Butterflies fluttered here and there and we found four species by the end of the walk: Tiger Swallowtail, Monarch, Cabbage White and Red Admiral, all common, but beautiful. Eight Black-Capped Chickadees and four Tufted Titmice dashed about the canopy wildly chattering though I didn't quite catch what they were saying.

A buff brown mystery wren shyly flitted about the undergrowth it was either a Winter or a House Wren. We were deep in the woodlands by now. A Red-Tailed Hawk soared casually overhead getting up to date on the local news. A Song Sparrow hopped about on forest floor with his more secretive cousins the Eastern Towhees.

We came upon a small pond, there was a family (two banded parents from Maryland and four gentle goslings) of Canada Geese hanging about on the shore but when we approached they quickly launched themselves into the safe waters of the pond. Three Common Grackles flew overhead mechanically screeching. Two harsh looking Eastern Phoebes stood about by the pond occasionally dashing after a fly and the returning to its former perch. A Green Heron stood on a mudflat on the opposite end of the pond gulping down a fish at least the size of its head.

Further along the path a Downy Woodpecker skipped hurriedly up a tree while an Eastern Gray Squirrel stared at us shocked that any measly little human would enter his woodland kingdom. Every once in a while would come across a Eastern Cottontail feeding of the grass in the path.

At last we came to one of the two cliffs, they both overlooked the Atlantic Ocean and a salt marsh. Two Cedar Waxwings zipped over and countless Herring Gulls soared by at our eye level. There were ten restless Red-Winged Blackbirds who screamed and clucked from the marsh. From our vantage point we could seem a Double-Crested Cormorant standing on the banks of a large pond and two Mute Swans floating quietly in the waters of the pond.

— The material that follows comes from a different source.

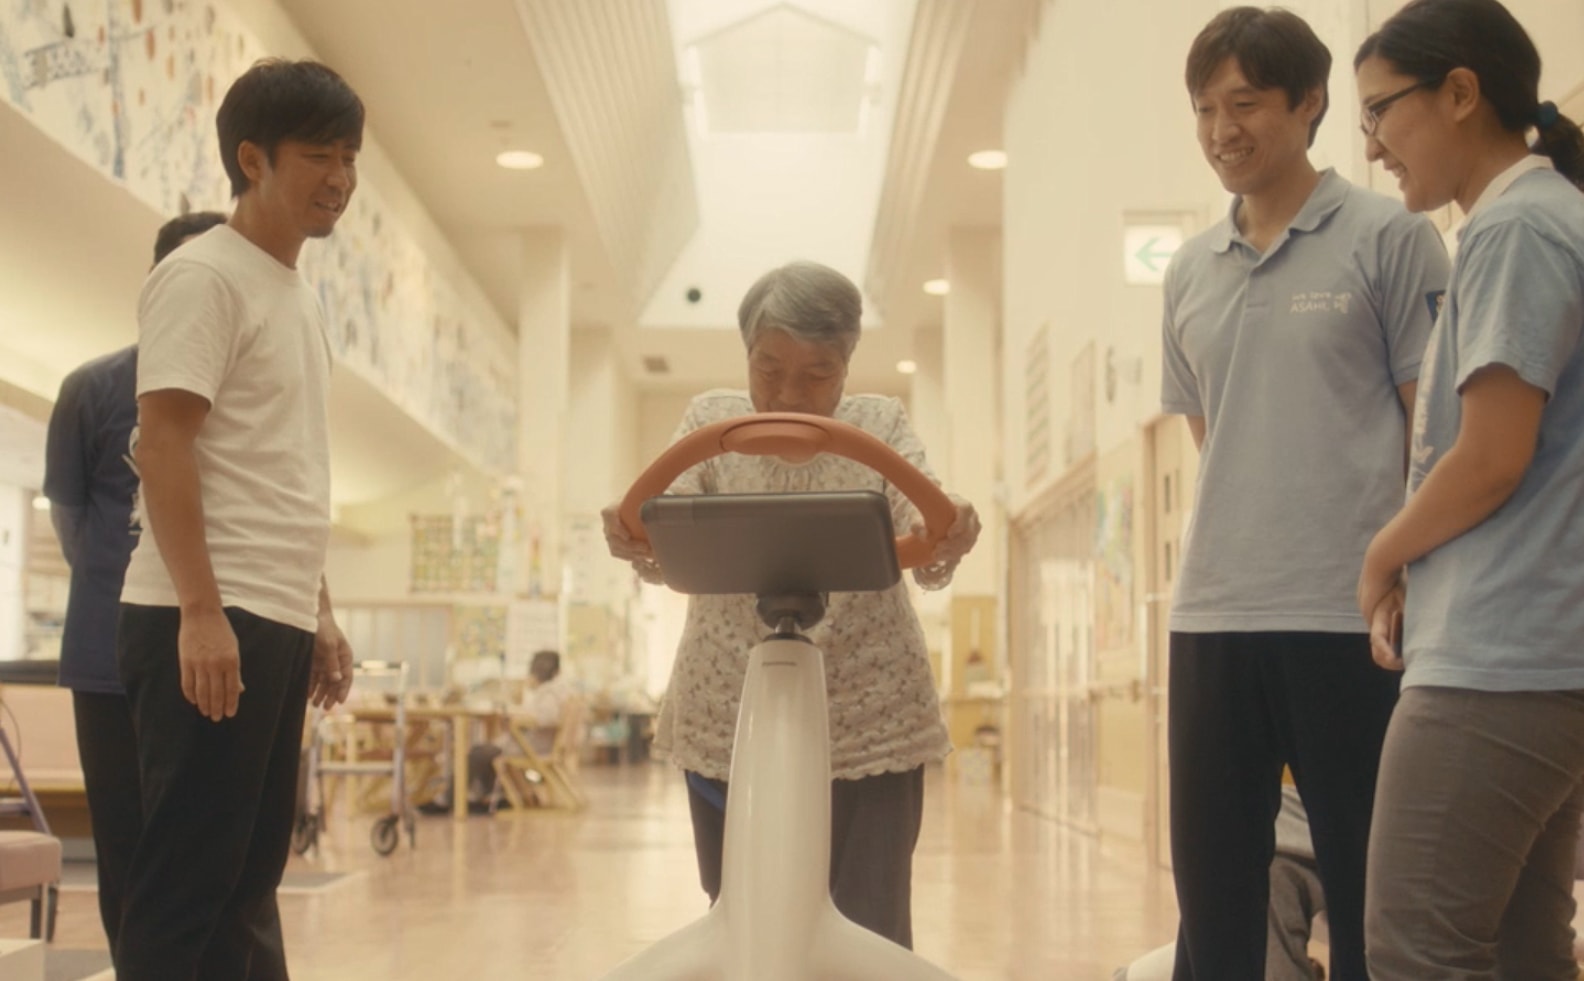 Photo: Elderly person training with the walking training robot

As always we found a Blue Jay and a Red-Eyed Vireo quarreling angrily. I rarely see a Red-Eyed Vireo not quarreling with a Blue Jay.

Other things to note included a: grass green Praying Mantis, another Green Heron, a highly camouflaged Moth, a Turtle and two Chickens. All in all we had 32 birds, 2 Mammals, 6 insects, 1 Amphibian and 1 Reptile.

On the way home we stopped for a bite to eat at Subway while we were there eating our sandwiches outside we saw 5 Glossy Ibis 1 flying North and 4 flying South.